Он рассказывал, что делается с его стихотворением ‘Пир на весь мир’. Его вынули из декабрьской книжки, Между тем Достоевский был раз у Григорьева, и тот в большой компании сказал ему — и для передачи Некрасову,— что это стихотворение кажется совершенно возможным1. Но дня три тому назад был у Некрасова и Салтыкова Петров и упрашивал не помещать стихотворения: Некрасову он прямо говорил, что он должен принять в соображение их обстоятельства и не лишать их ‘куска хлеба’, они—люди семейные, и что ему напрасно ‘водрузить свое стихотворение на развалинах их существования’, а напротив, следует завершить свое поприще ‘добрым делом’ — отложивши печатание.
Некрасов говорит, что он увидел, что это личный страх Петрова: перед тем произошла история с ‘Собеседником’2, — Лихачев прибавил, что на этих днях Тимашев — когда Веселаго и Лазаревский пришли благодарить его за ордена — любезно, но настойчиво требовал, что надо ‘подтянуть’ литературу, которая ‘распущена’, происходило потом бурное заседание в Главном управлении, было остановлено ‘Русское обозрение’3 и т. д.
Некрасов, на основании своего соображения, хотел, чтобы его стихотворение было пущено в январскую книгу ‘Отечественных записок’, предполагая, что Григорьев не отступит от своих слов. Салтыков боялся этого. Вместе с тем Некрасов намерен сделать другую вещь: теперь же выпустить книжку своих стихотворений, поместить туда ‘Пир’ и новые стихотворения и представить в цензуру, которой нечего будет сказать против этого издания4.
Он говорил о романе Тургенева5. Первая часть понравилась — выводимые лица нарисованы хорошо, но вторая часть плоха. Тургенев не достиг своей цели. Если он хотел показать нам, что [2 нрзб.] неудовлетворительно — он не доказал, если хотел примирить с ними других — не успел, если хотел нарисовать объективную картину — она не удалась. Все-таки люди были крупнее (первые), да и хождение в народ — недосказано, оно бывало не так глупо. ‘Вообще-то скажу, — не говорите только приятелям Тургенева, я их не хочу огорчать — паскудный роман — хоть я до сих пор люблю Тургенева’.

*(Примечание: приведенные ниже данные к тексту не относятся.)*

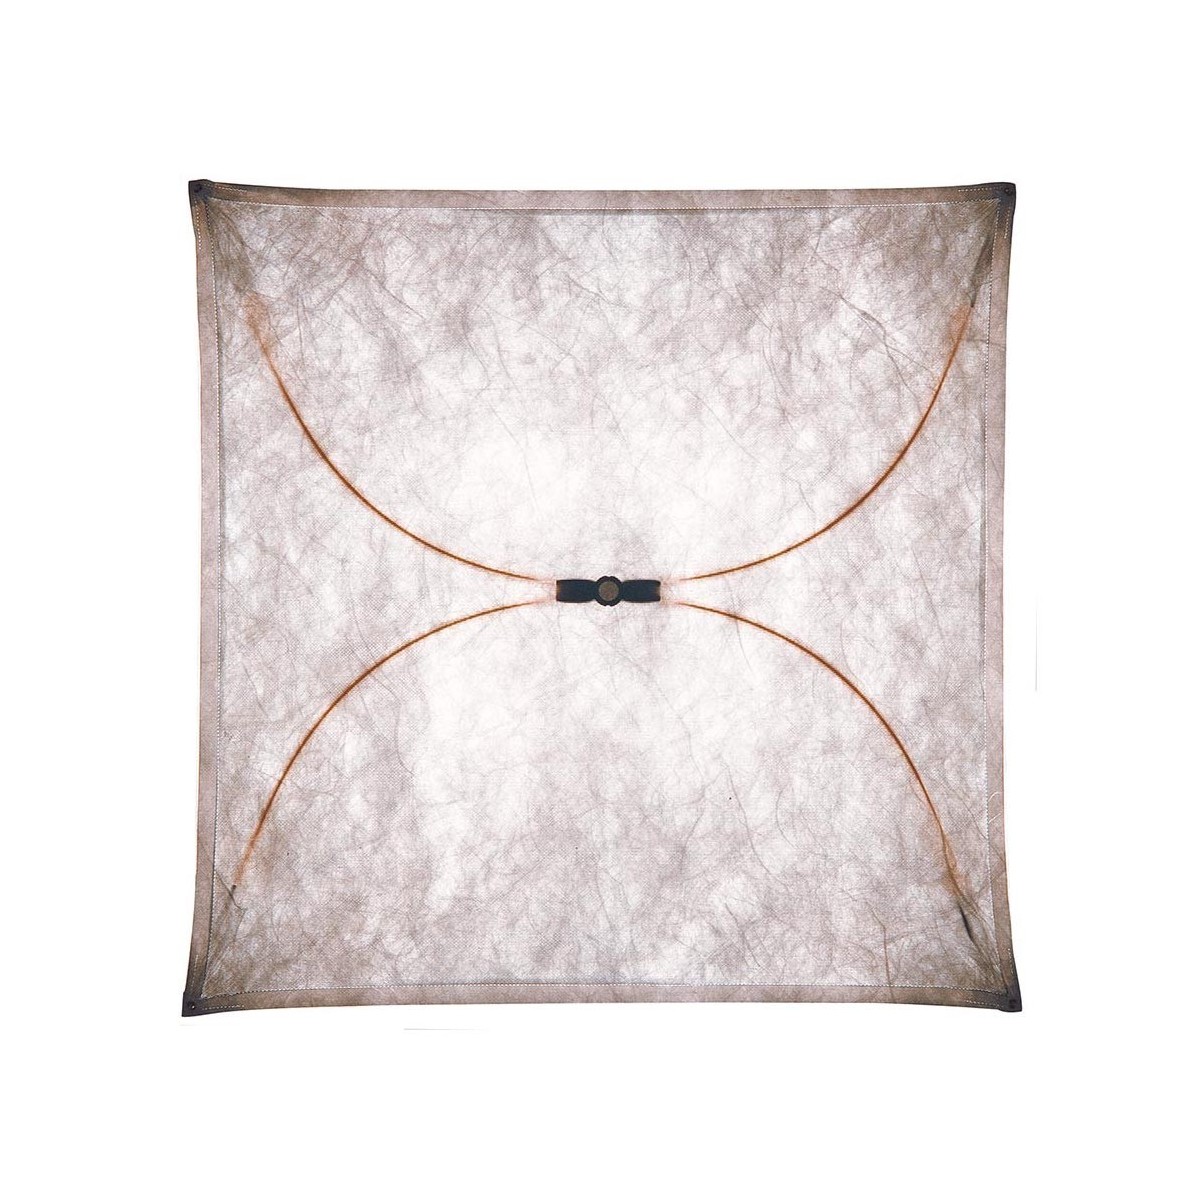 Ariette wall / ceiling lamp

Он начал потом говорить о своих стихах: ‘Делать теперь нечего, я и пишу стихи, благо приходят в голову — каждый почти день что-нибудь пишу’. Он прочел мне несколько стихотворений — конечно, наизусть. Сказка — ‘вроде пушкинских’ — ‘я думаю пропустят’, в ней есть царь, да ведь в сказках без царей нельзя: царь, воевода и крестьянин6. ‘Сеятель’, ‘Молебен’, ‘Друзьям’. ‘Последние стихи’ — так он называет этот ряд, в начале всех предисловие — прощанье с жизнью7.
Говорил потом о своей поэзии. ‘Жизнь меня испортила — но только на поверхности — мои стихи шли из души…’ В первых он повторял тех, кого читал, но потом, с 1846, пошел его собственный род, не взятый ни у кого. Он ставит их цену в том, что ни у кого из наших писателей не говорилось так прямо о ‘деле’ — не было рутинных пустяков.

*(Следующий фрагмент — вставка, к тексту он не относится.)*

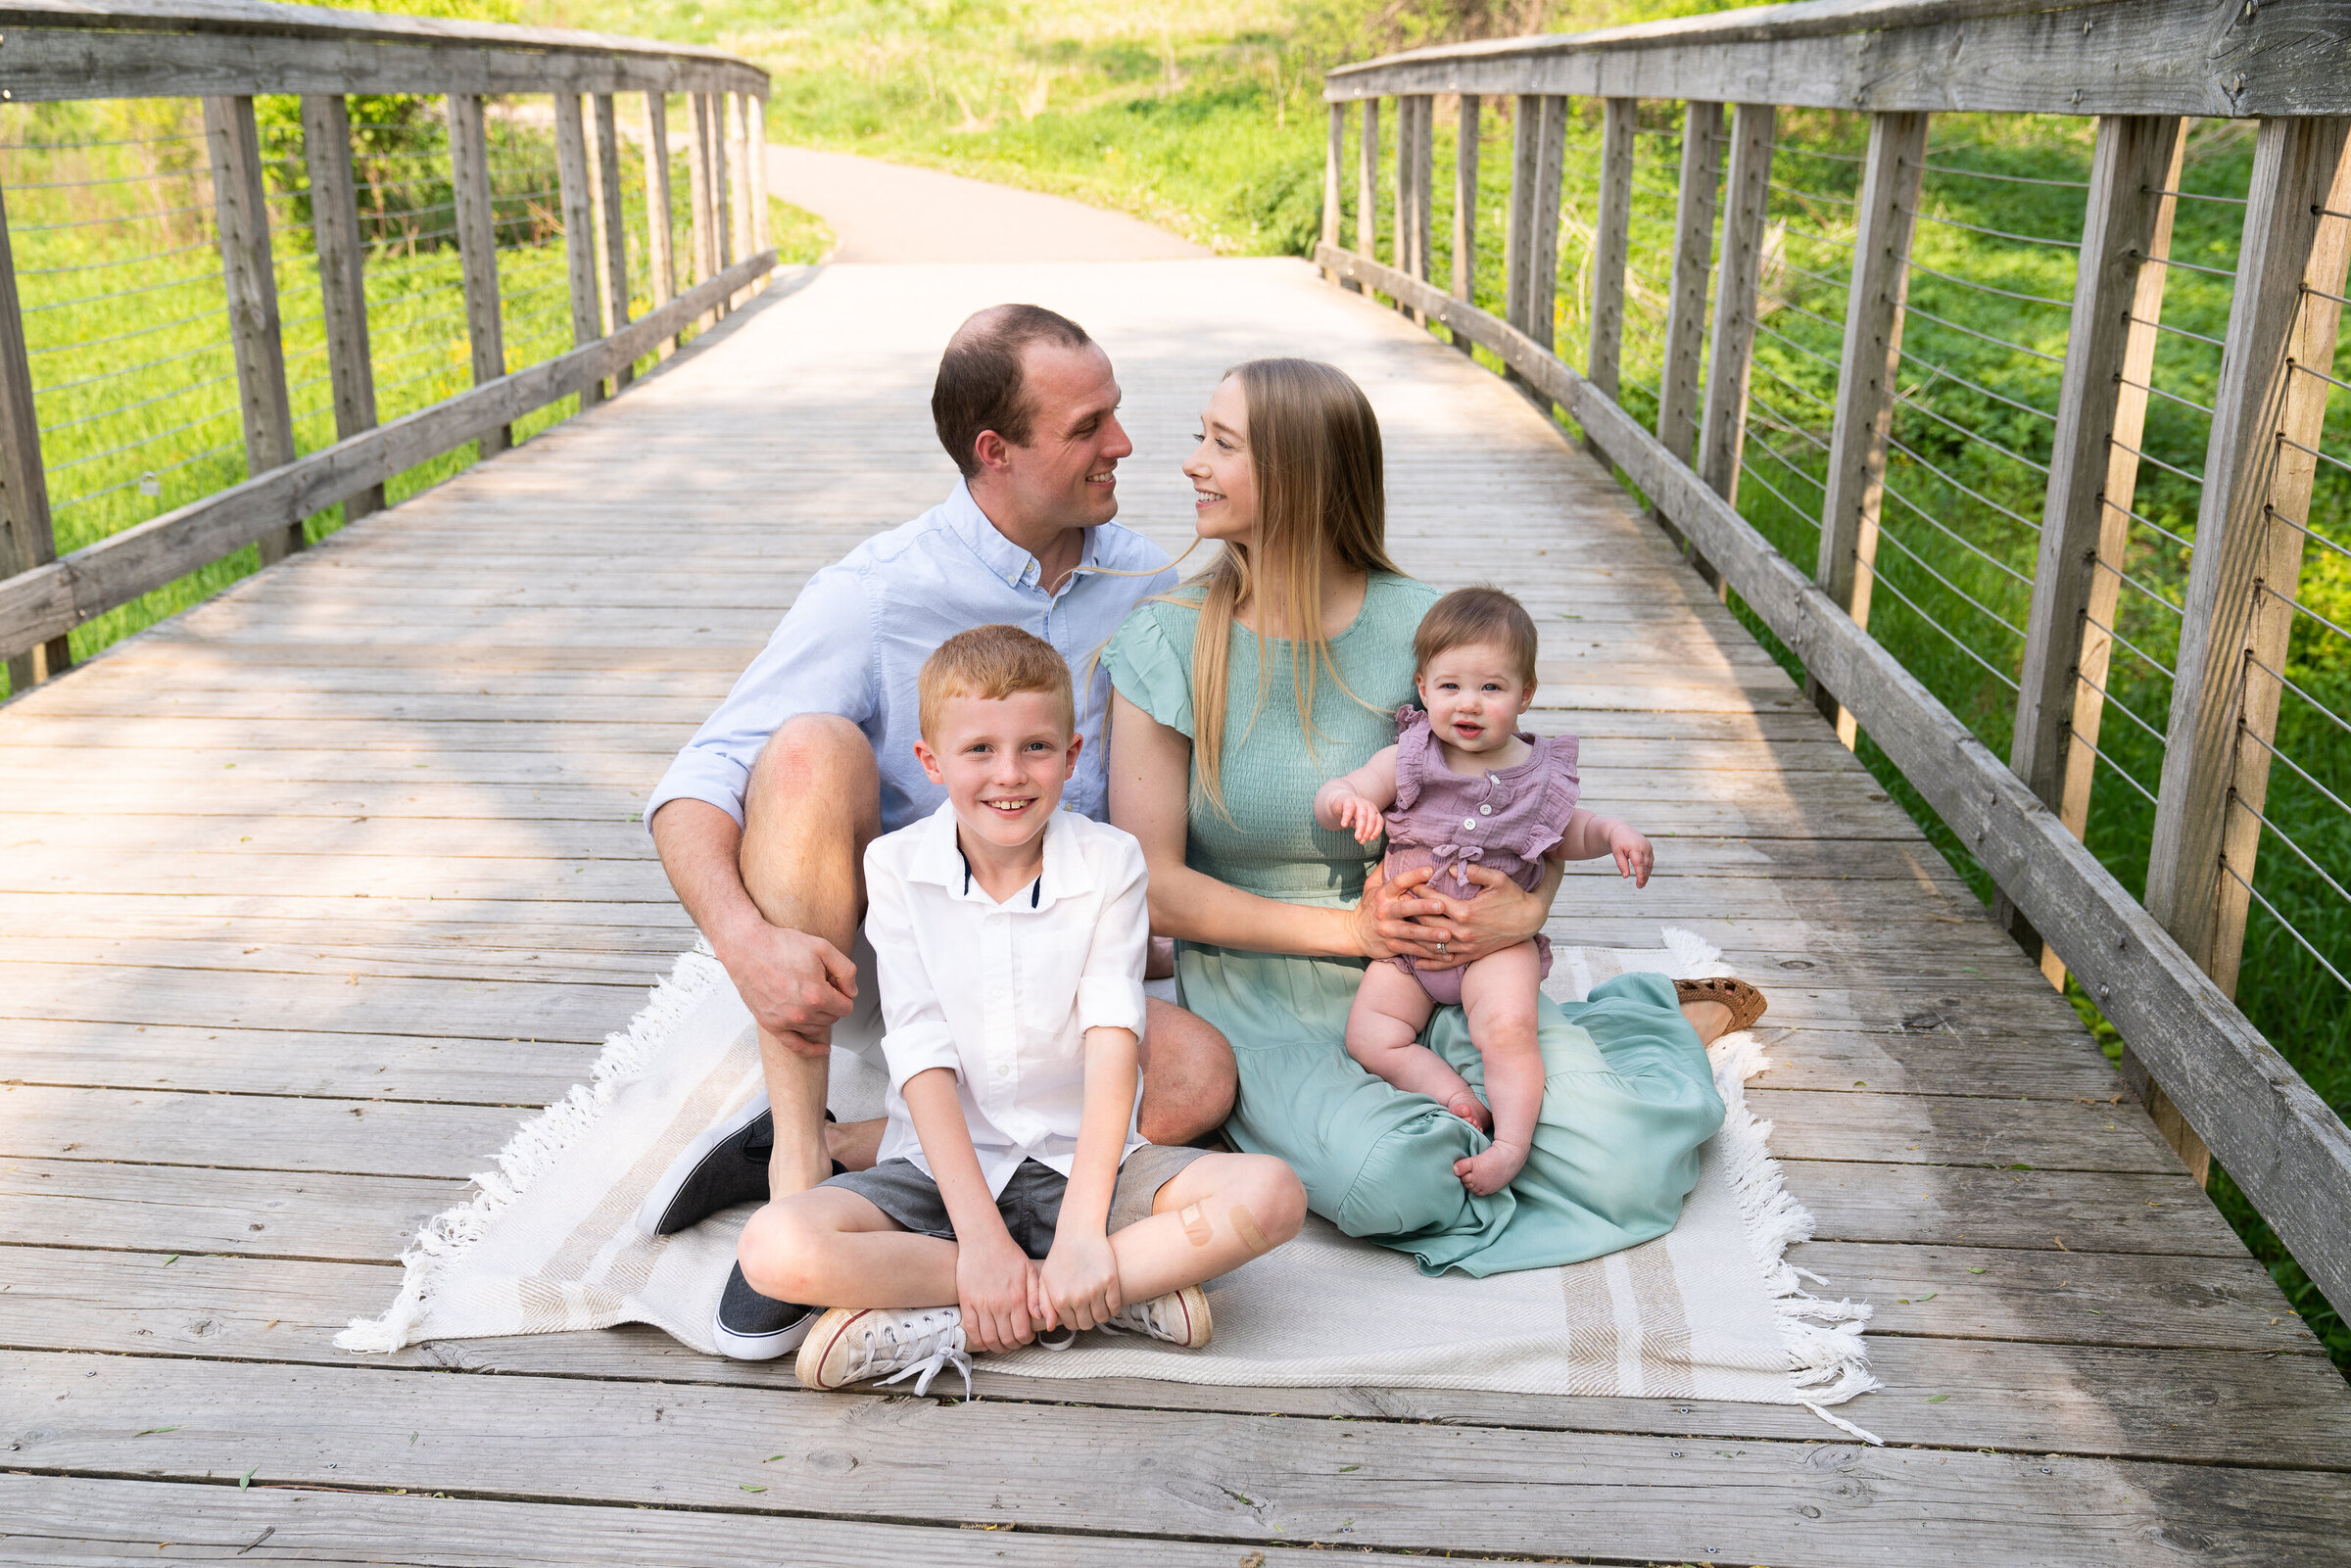 Outdoor family photography - Best Minneapolis family photographers - Twin Cities family photography

Вспоминал об ‘ошибках’ — стихотворении к Муравьеву. Его подбивали (Строганов) написать стихотворение8, что этому человеку надоела катковская газета, но что стихотворения Некрасова могли бы на него подействовать и укротить. ‘Я тогда проводил много дней не лучше, чем теперь… и посмотрите в стихотворениях — в тот же день, когда я написал эти двенадцать стихов9, я написал стихотворение ‘Ликует враг’…’
У Некрасова. Пятница, 25 февраля 1877 г. Ему, видимо, хочется рассказать разные факты своей жизни и объяснить. Говорил, между прочим, что, когда вышла книжка Антоновича, он стал писать ответ10, в котором спокойно, без всякой брани, объяснял свои действия — ‘прятался ли он за других’ — оказывается, конечно, что нет, и что, например, сам же Антонович советовал выбрать двух редакторов на тот случай, чтоб хоть один мог остаться, если другого запретят, и т. п.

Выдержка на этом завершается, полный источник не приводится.